The Last Eligible Billionaire

: Chapter 8



Note to self: Fake dating a billionaire may not be bucket list-worthy.

So long as I don’t end up in prison, accidentally do something that would get me fired from my teaching job, or get murdered, I’m sure I’ll still find something positive out of the experience, but right now, I’m sincerely doubting I’ll have anything good to say about Hayes Rutherford when this is over.

Case in point?

Fifteen seconds ago, when a perfunctory knock sounded on the door, he sighed heavily, put away the phone he’s been staring at non-stop while I’ve been needling him for information so we could pull this off, looked at me, and said, “I hope you’re half as good with parents as you are at annoying me,” then walked to the foyer, swung the door open, and said, “Mother. What a surprise,” in that way that says it wasn’t at all a surprise to see her.

And now, I’m staring wide-eyed at three of the most gorgeous women I’ve ever seen in person in my entire life.
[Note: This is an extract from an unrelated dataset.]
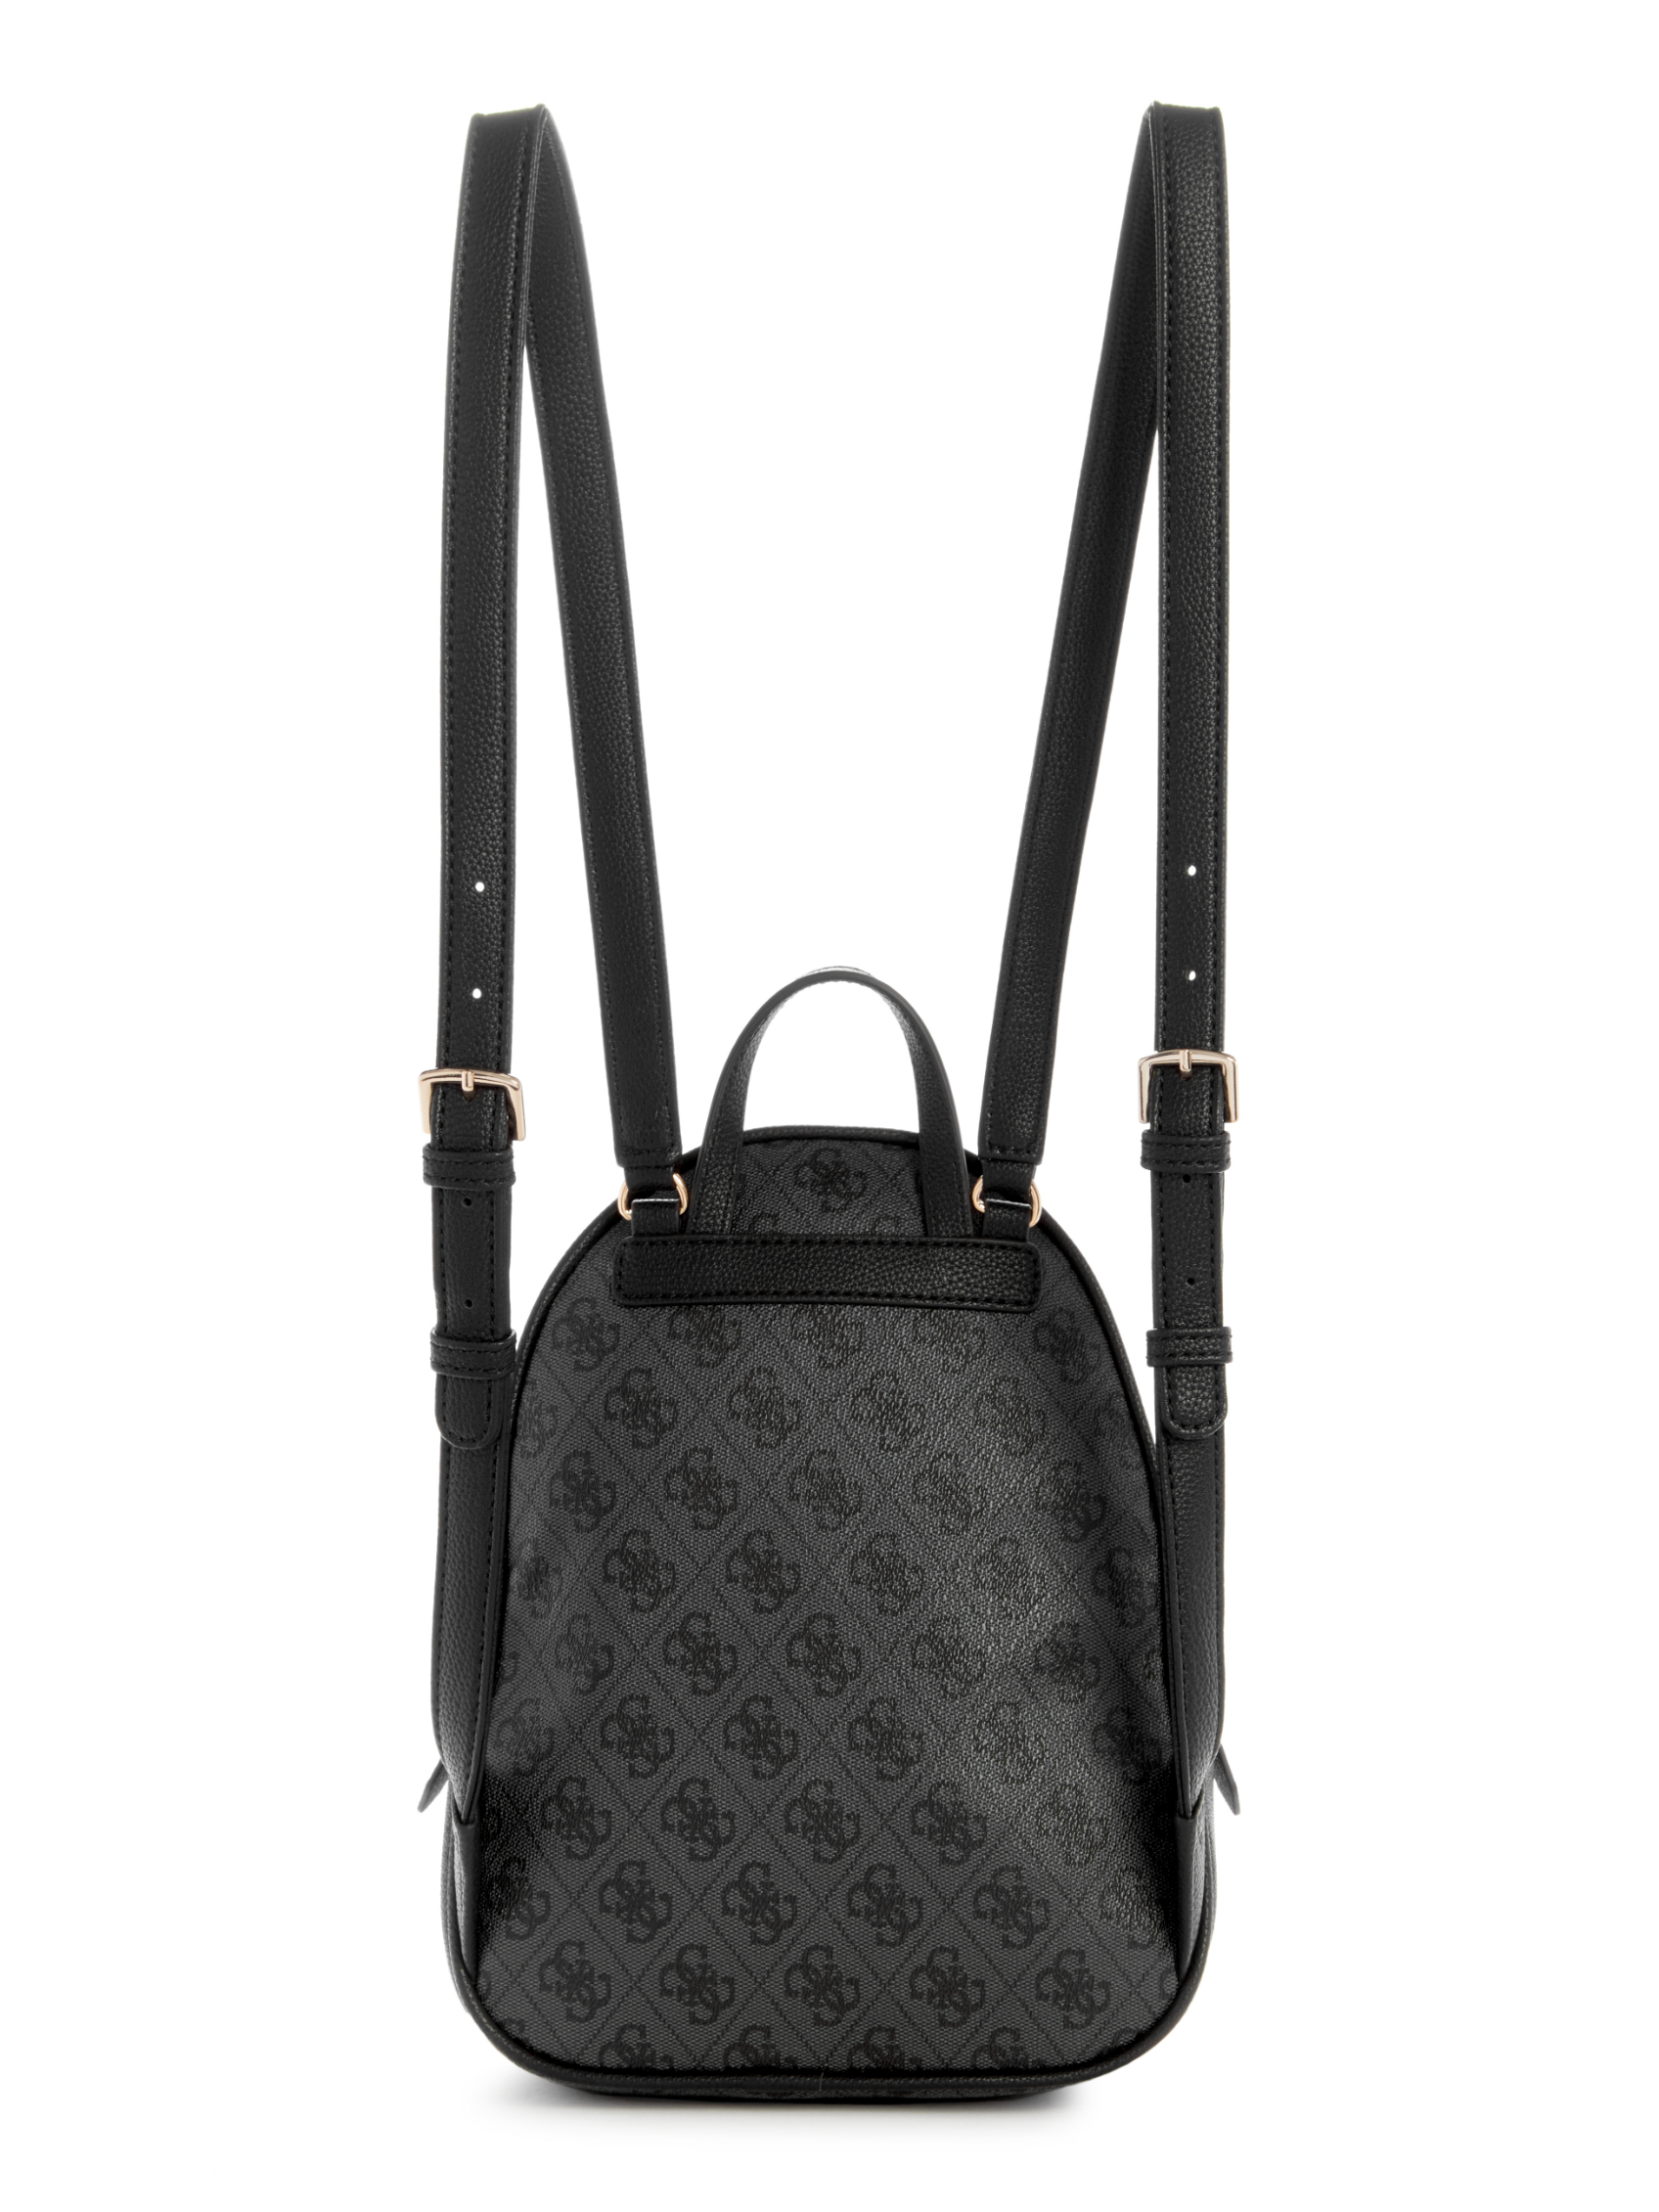 MANHATTAN BACKPACK | Guess Philippines

Giovanna Rutherford leads the pack. Hayes’s mother is one of those women who reminds me of a bird. If I wanted to stay as skinny as she is, I’d have to live on a daily diet of three chickpeas, a shot of vodka, and four hours of being yelled at by a personal trainer named Guy, then two hours of therapy to get over the four hours of being yelled at. She has fewer crow’s-feet in her seventies than I do in my early thirties—and don’t ask about how flawless her white skin is, without even a hint of a single sun spot—her pantsuit looks like it was woven by angels and fitted by Tim Gunn or the Queer Eye guys, and her chin-length hair is such a lovely shade of silver that it could be braided into a chain and used as a necklace.

Or possibly I’m having an irrational girl-crush reaction to being within inches of Jonas Rutherford’s mother.

I wonder if Hyacinth is picking up on my freak-out over our twin radar.

Not that I have time to worry about that. The two women behind Giovanna are giving off major diva vibes.

The first is a stunning dark-haired, brown-skinned woman with more curves than a mountain road and more poshness in her pinky nail than I have in my entire body. The second is a striking alabaster-skinned redhead—and I mean a natural shade of red, unlike mine—who has lust written all over her expression when her brown eyes shift to Hayes.

Giovanna gives me a once-over, then hands me her gloves as she plucks them off her hands.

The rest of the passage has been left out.